| Data extract |
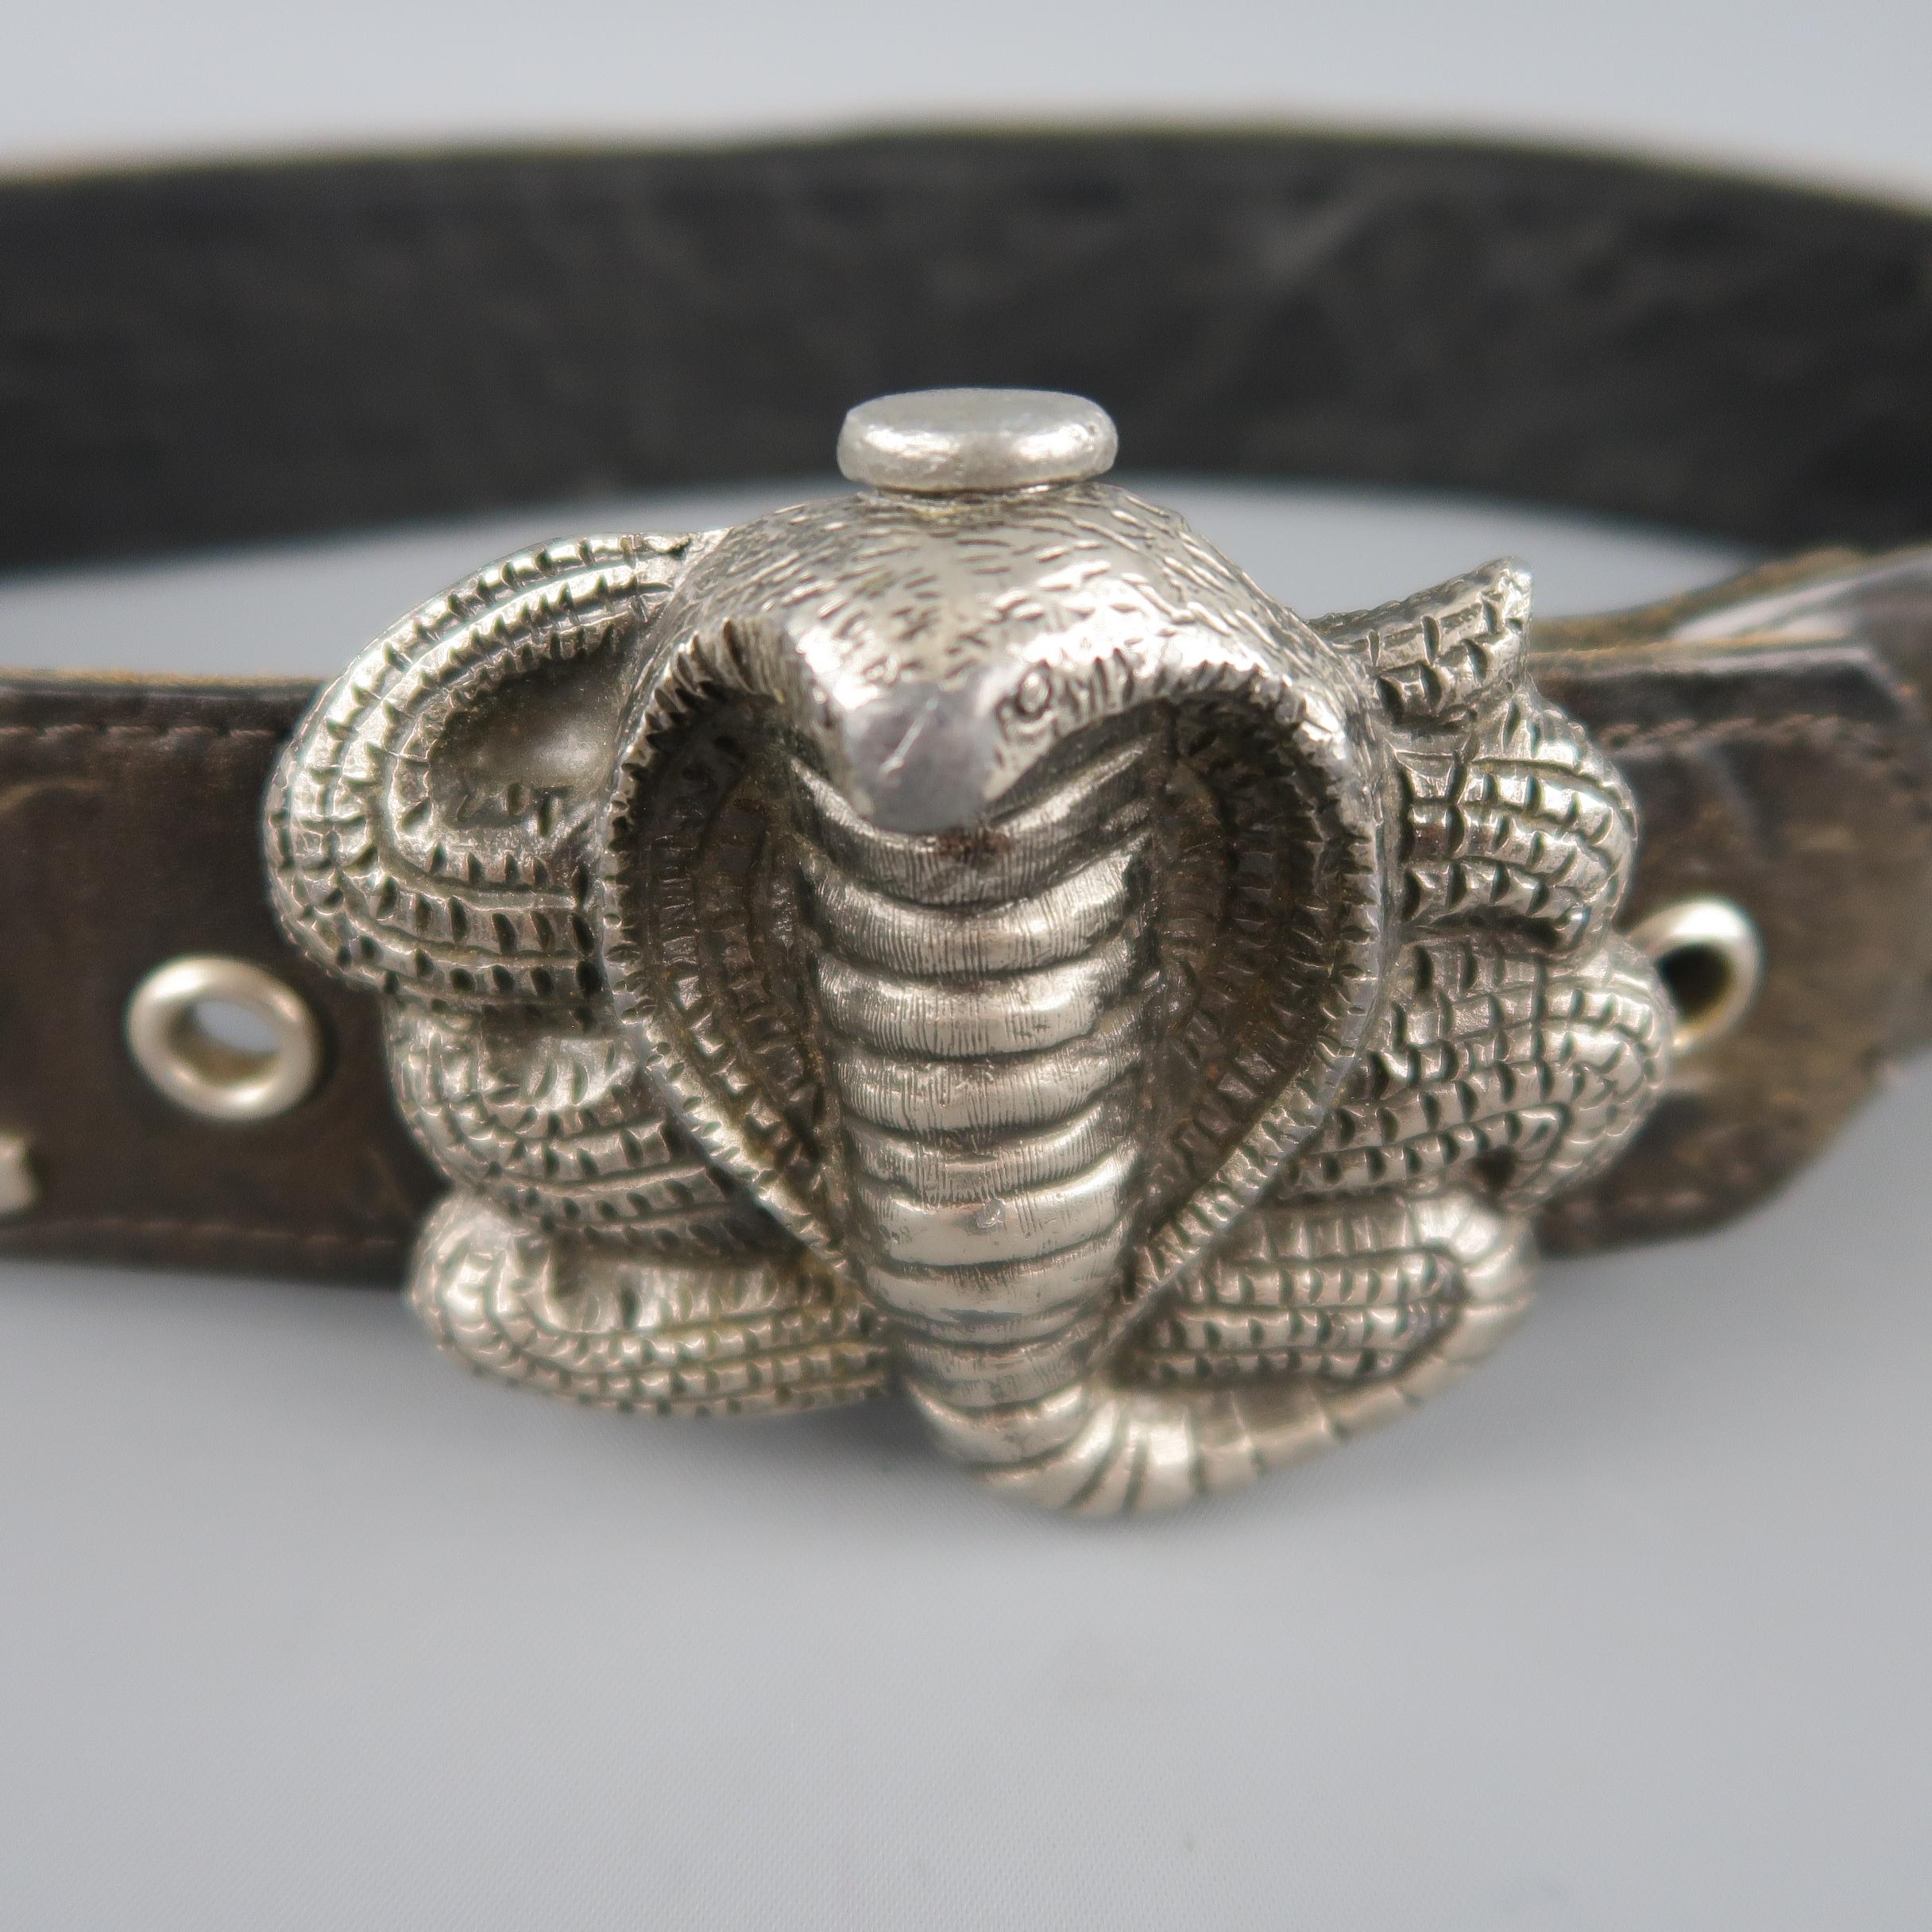 leather belt with cobra buckle
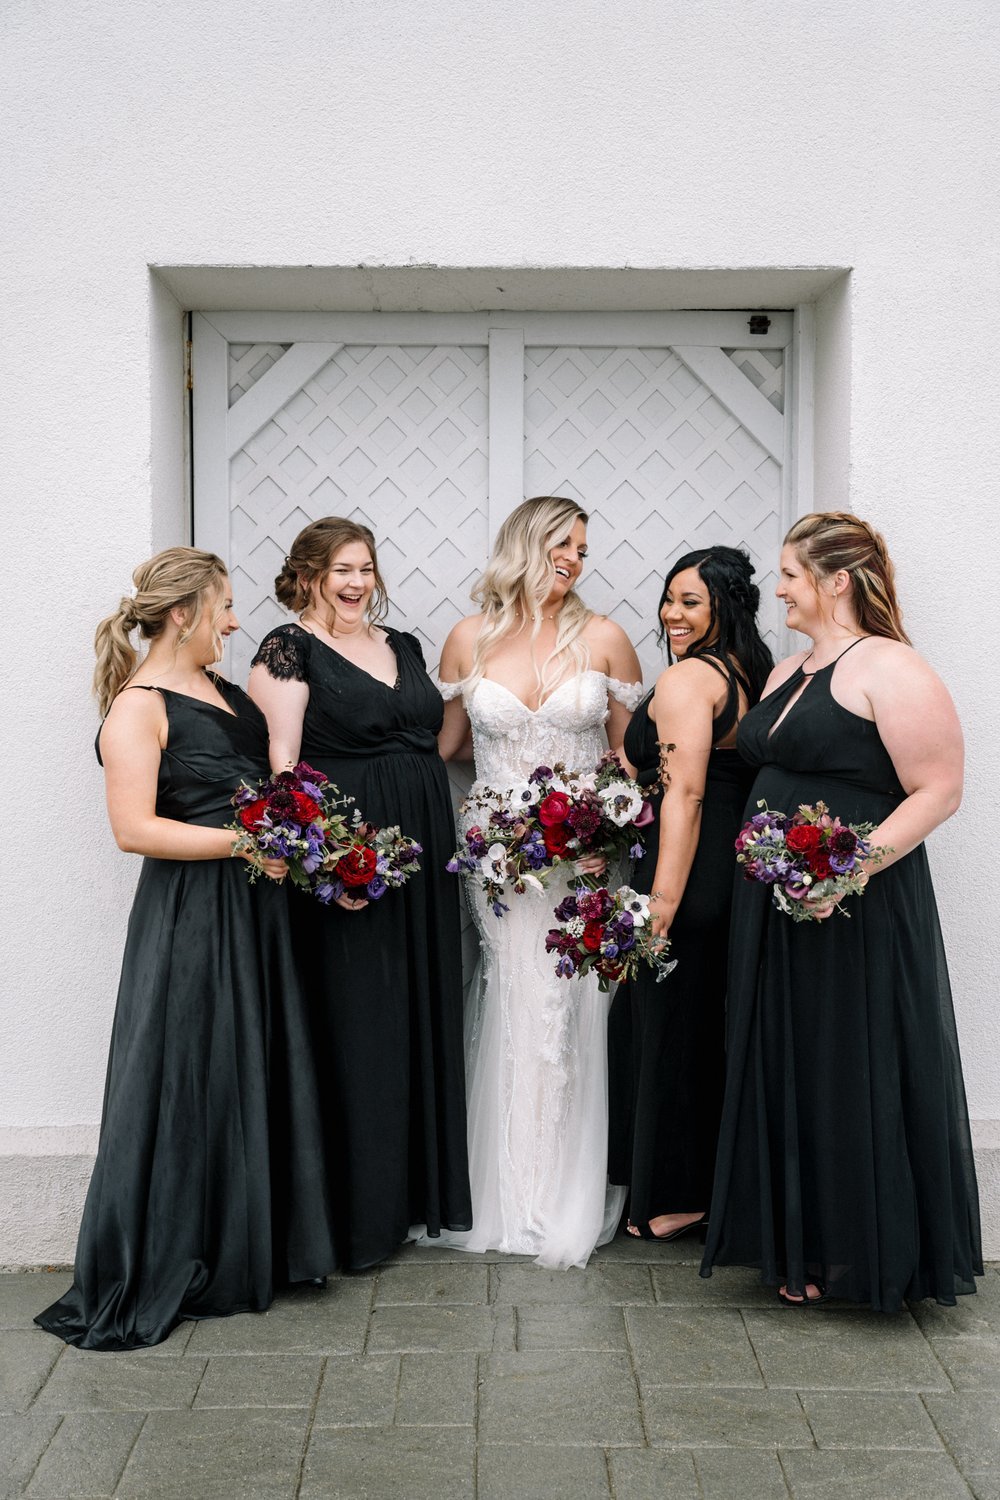 Bridal+Party+with+Drastic+Wildflower+Bouquets.jpg
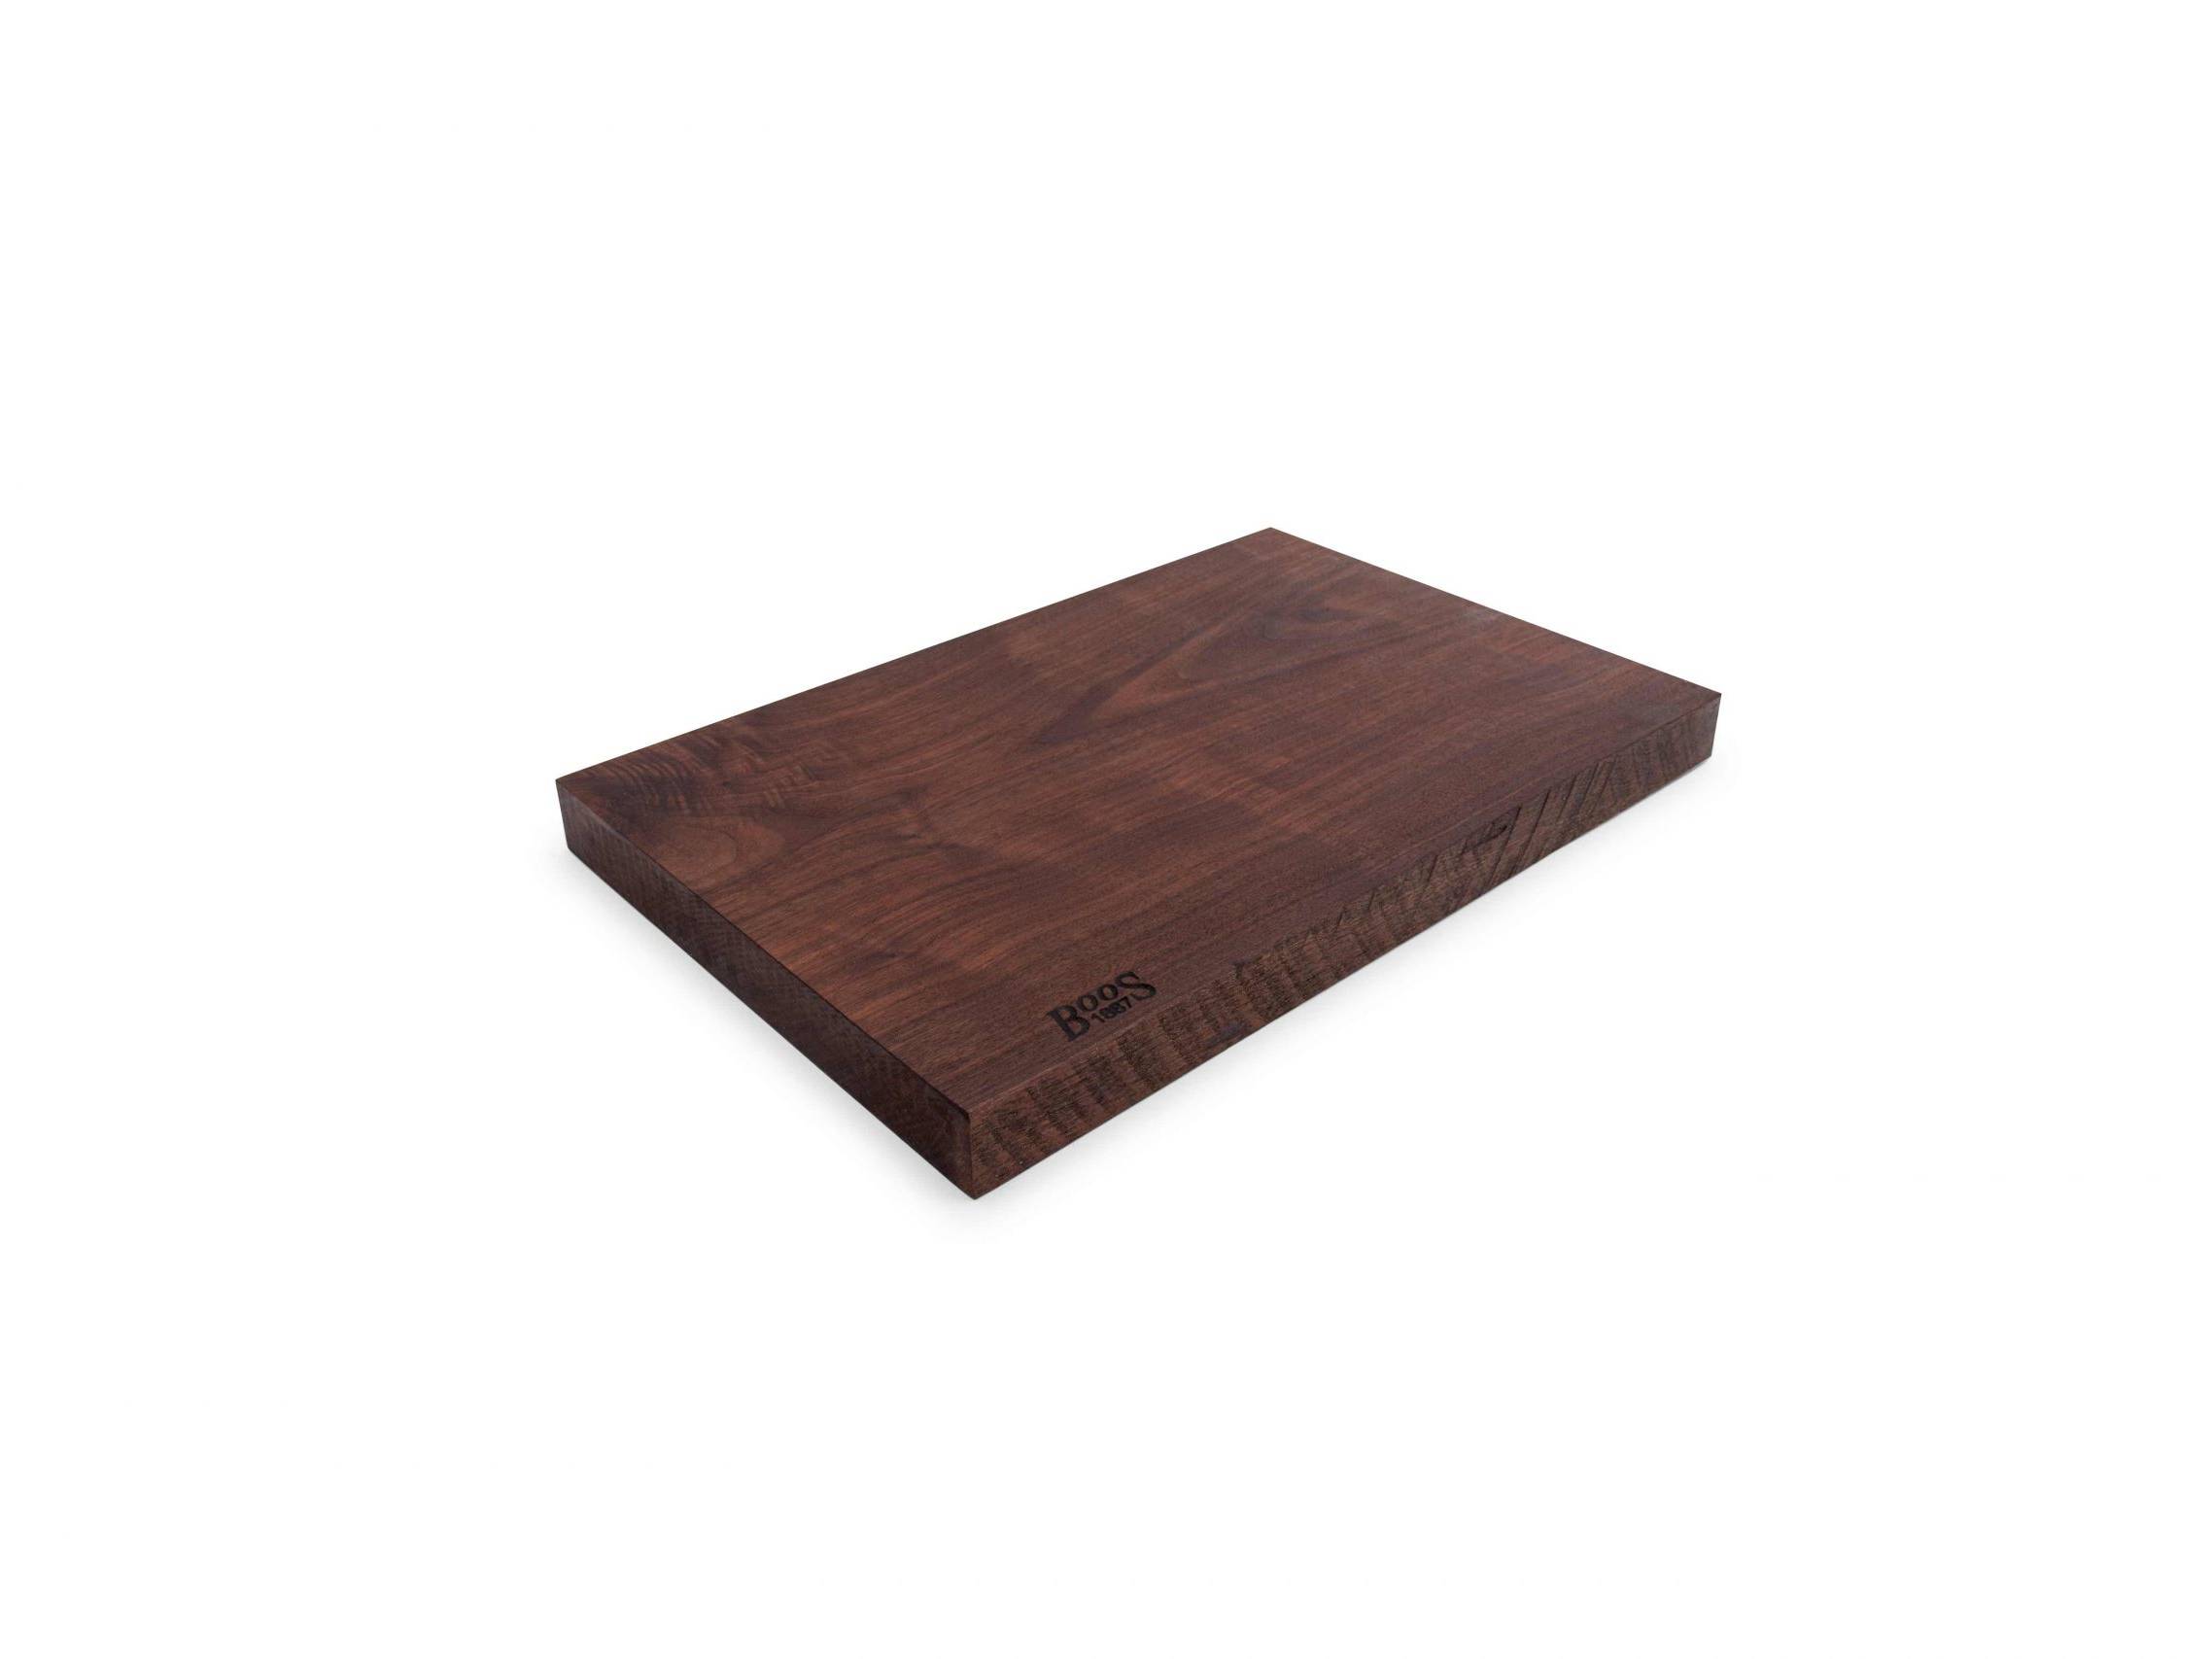 Boos 1887 / Rustic Edge one piece cutting board; Black Walnut; can be used on both sides 49

| The problem |
Retype the data above exactly. Do not carry over any images.

| Response box |
 leather belt with cobra buckle
 Bridal+Party+with+Drastic+Wildflower+Bouquets.jpg
 Boos 1887 / Rustic Edge one piece cutting board; Black Walnut; can be used on both sides 49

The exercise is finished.